Carlos Fuentes on a "Victim of Pinochet"

By Carlos Fuentes
[translator's notes in brackets]

I remember a showing back in the late 50s of the great Alain Resnais film Night and Fog, about the Nazi extermination camps. I went with my dear friend filmmaker Luis Buquel. At the end of the movie when the lights came on, we all remained in our seats, silent and rigid. Resnais had shown us the real face of hell, the hell invented by a mad tyrant. Hitler is the only case of a despot whose philosophy openly espoused one aim: Evil. He never deceived anyone. It's all there in his book, Mein Kampf.
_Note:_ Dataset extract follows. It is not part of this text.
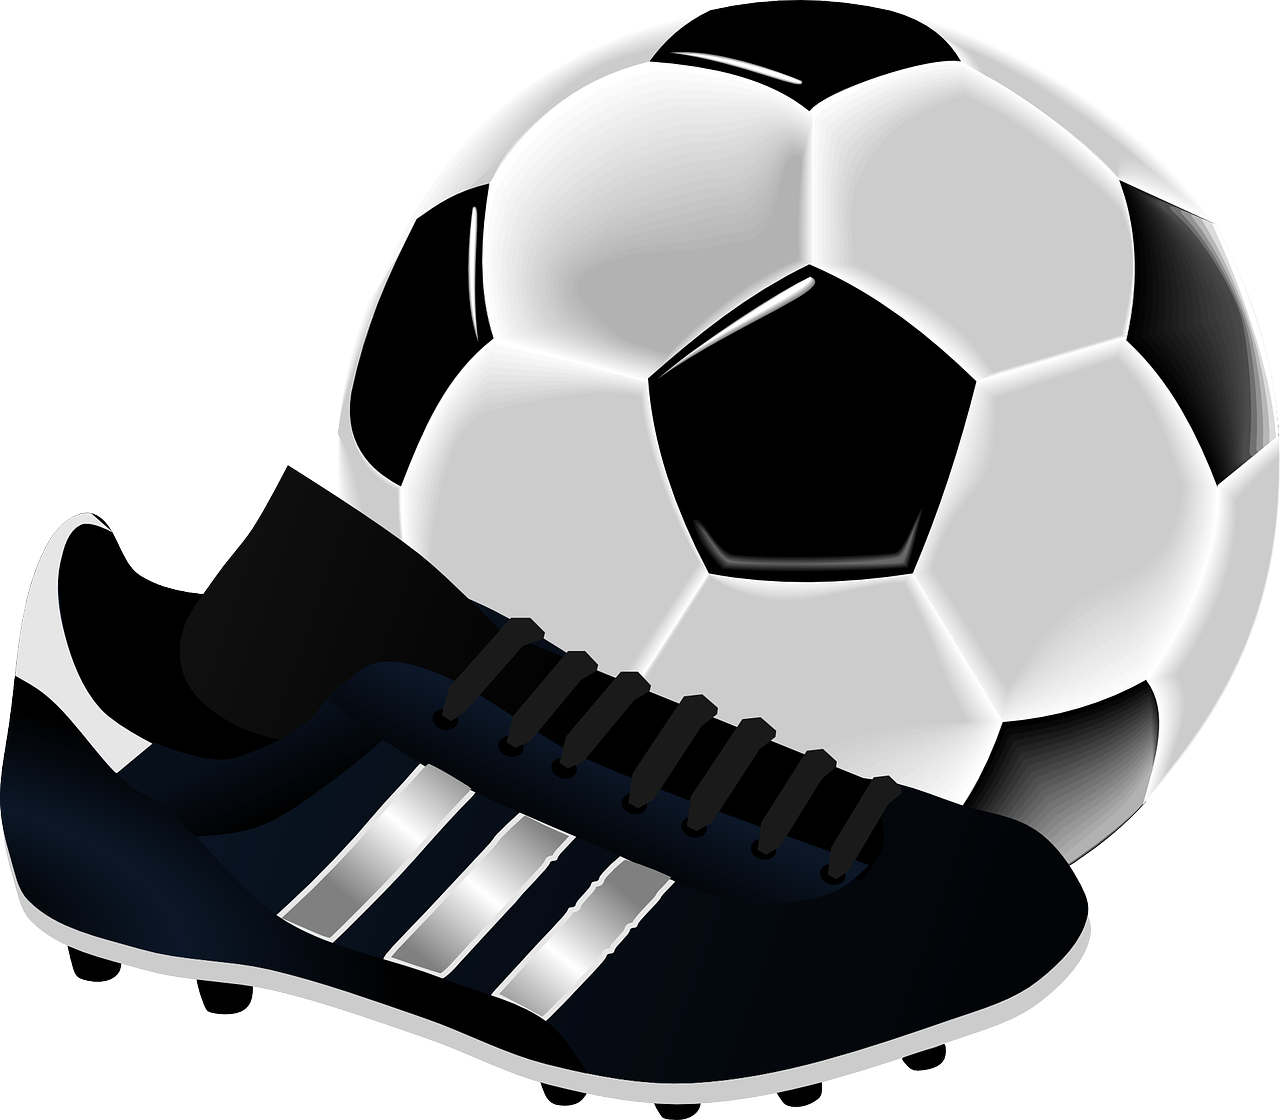 Das Bild zeigt einen Fußball und Fußballschuhe.

Bunuel reacted with an anger directed first at himself. Shaken, moved by the terrible evidence of the Holocaust, he told me that the spectacle of massive death, graves full of naked corpses, skeletal and anonymous, made him shudder. But he feared that the very immensity of the numbers -- six million Jews murdered by the Third Reich -- would, in time, become a mere abstract event, a pain only of numbers. Therefore it was important to know actual history, the personal history of just one victim who would give voice and identity to the untold numbers of those sacrificed.
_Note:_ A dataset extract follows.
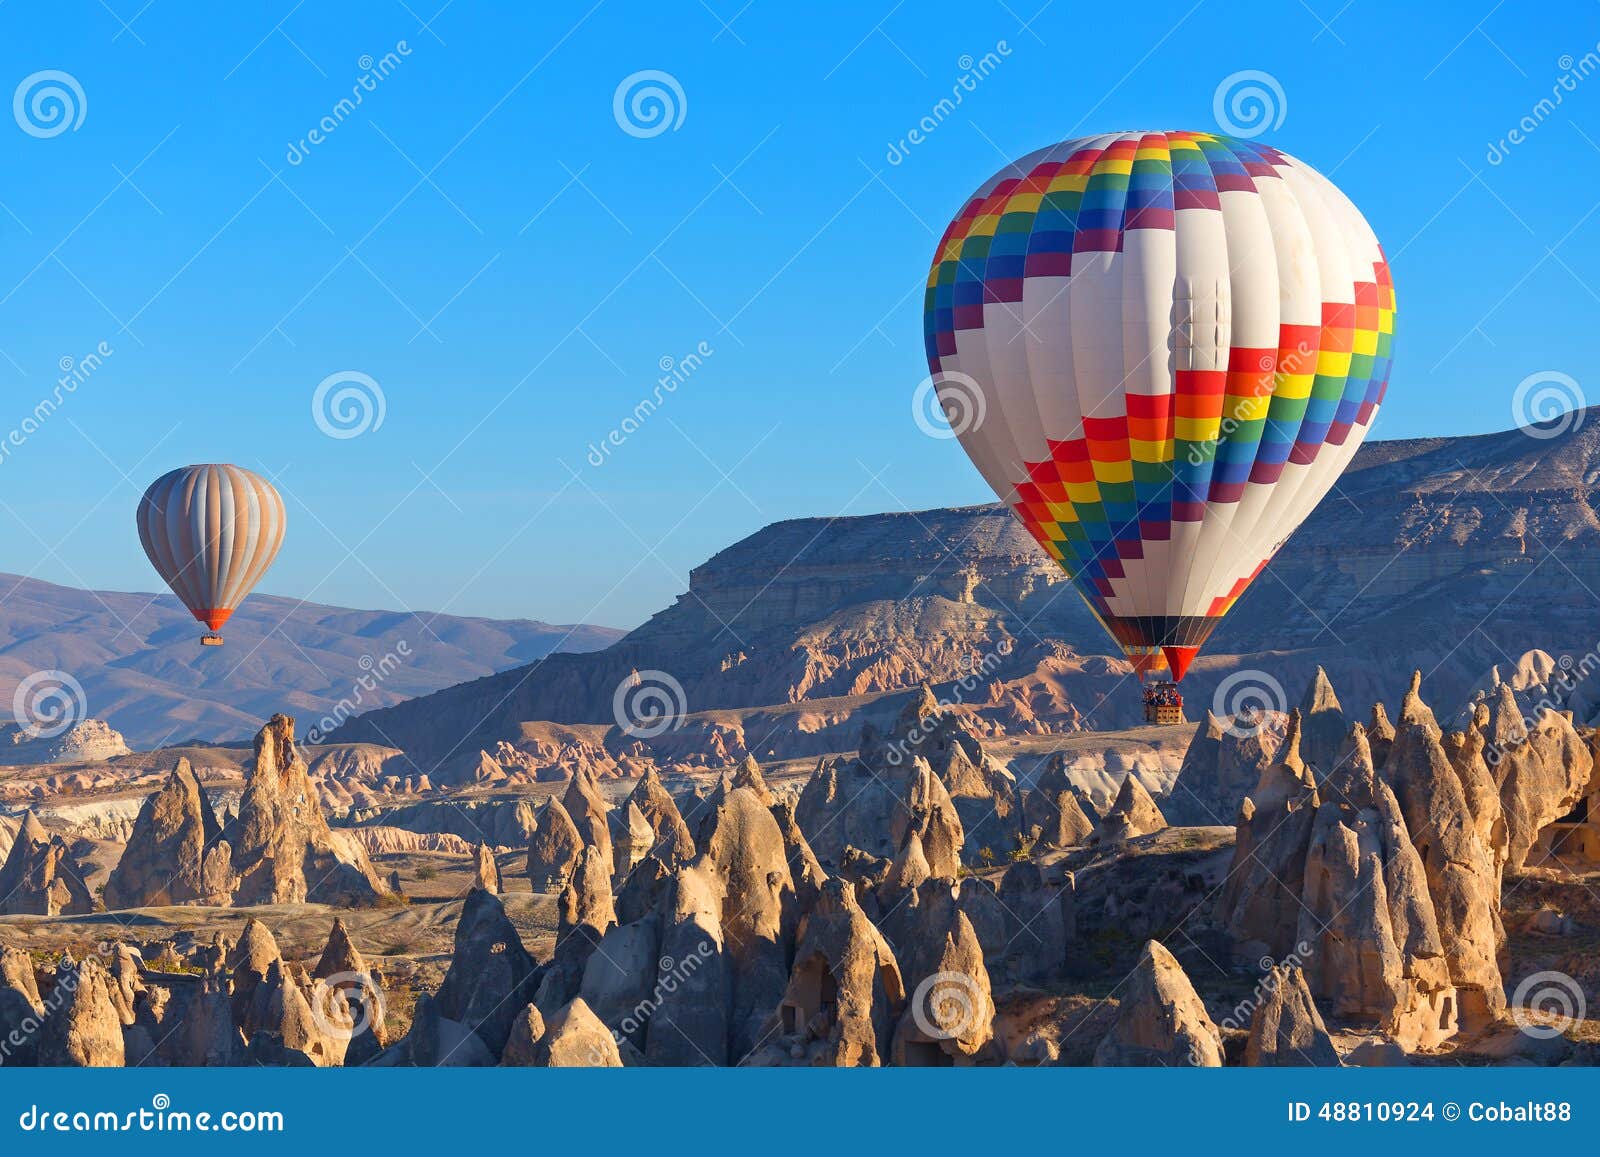 Cappadocia foto de archivo. Imagen de turismo, recorrido - 48810924

From there, the symbolic importance of the figure of Anne Frank as a victim of Nazi crimes. From there, the force with which William Styron's imagination brought to life the horror of Auschwitz in the figure of his protagonist, Sophie, the Polish mother forced by a Nazi commandant to choose only one of her children to live if she wanted to keep both of them from being killed [in his novel, Sophie's Choice]. Styron, in so doing, reminded us that among the victims of Nazi horror were not only Jews but Catholics, communists, homosexuals, and gypsies.

I have thought about this inevitable relationship between the number of victims and their incarnation in one individual now that the House of Lords is returning to judge the fate of the brutal Chilean dictator Augusto Pinochet. Some 4000 deaths, disappearances, tortures, and arbitrary imprisonments are attributed to him. At least half of all Chileans know the name of a victim close to them.

Pinochet's terror was no abstraction. I want to remember a man of outstanding intellect, political ability, and sensitivity, whose sacrifice not only incarnates the guilt of Pinochet, the tyrant within Chilean borders, but the international guilt of those who brought him to power: President Richard Nixon and his cronies in the US government in 1973. I got to know Orlando Letelier in Washington in 1975, thanks to Radomiro Tomic, my friend and colleague at the Smithsonian Institution. Tomic had been the Christian Democratic candidate against Salvador Allende and Unidad Popular [left-leaning coalition led by Allende] in 1972. Both the Christian Democrat Tomic and the Socialist Letelier represented that pluralistic continuity of Chilean democracy that had been an example for all of Latin America. Both represented the hope that Chile, sooner or later, would recover this democratic tradition.

Orlando Letelier was a cultured, elegant man, of extraordinary attractiveness and a refinement both physical and intellectual. His socialism was part of his active conviction, without any inconsistency with his family background. He had been minister of foreign affairs in the Allende government and, later, minister of defense. As such, he got to know Gen. Augusto Pinochet, the head of the Army named by President Allende for carrying out the duty, among others, of protecting Chile's republican institutions and everything the Chilean public had voted for.

To a Mexican, the Pinochet case calls to mind that of General Victoriano Huerta, military commander of Mexico City in 1913 appointed by president Francisco Madero, whom Huerta double-crossed and ordered assassinated, putting himself in power. The Judas parable is universal and recurrent. Letelier remembers a Pinochet obsequious to the point of being prostrate with servility, always quick to put on Minister Letelier's coat for him, offering to hold his briefcase in the corridor.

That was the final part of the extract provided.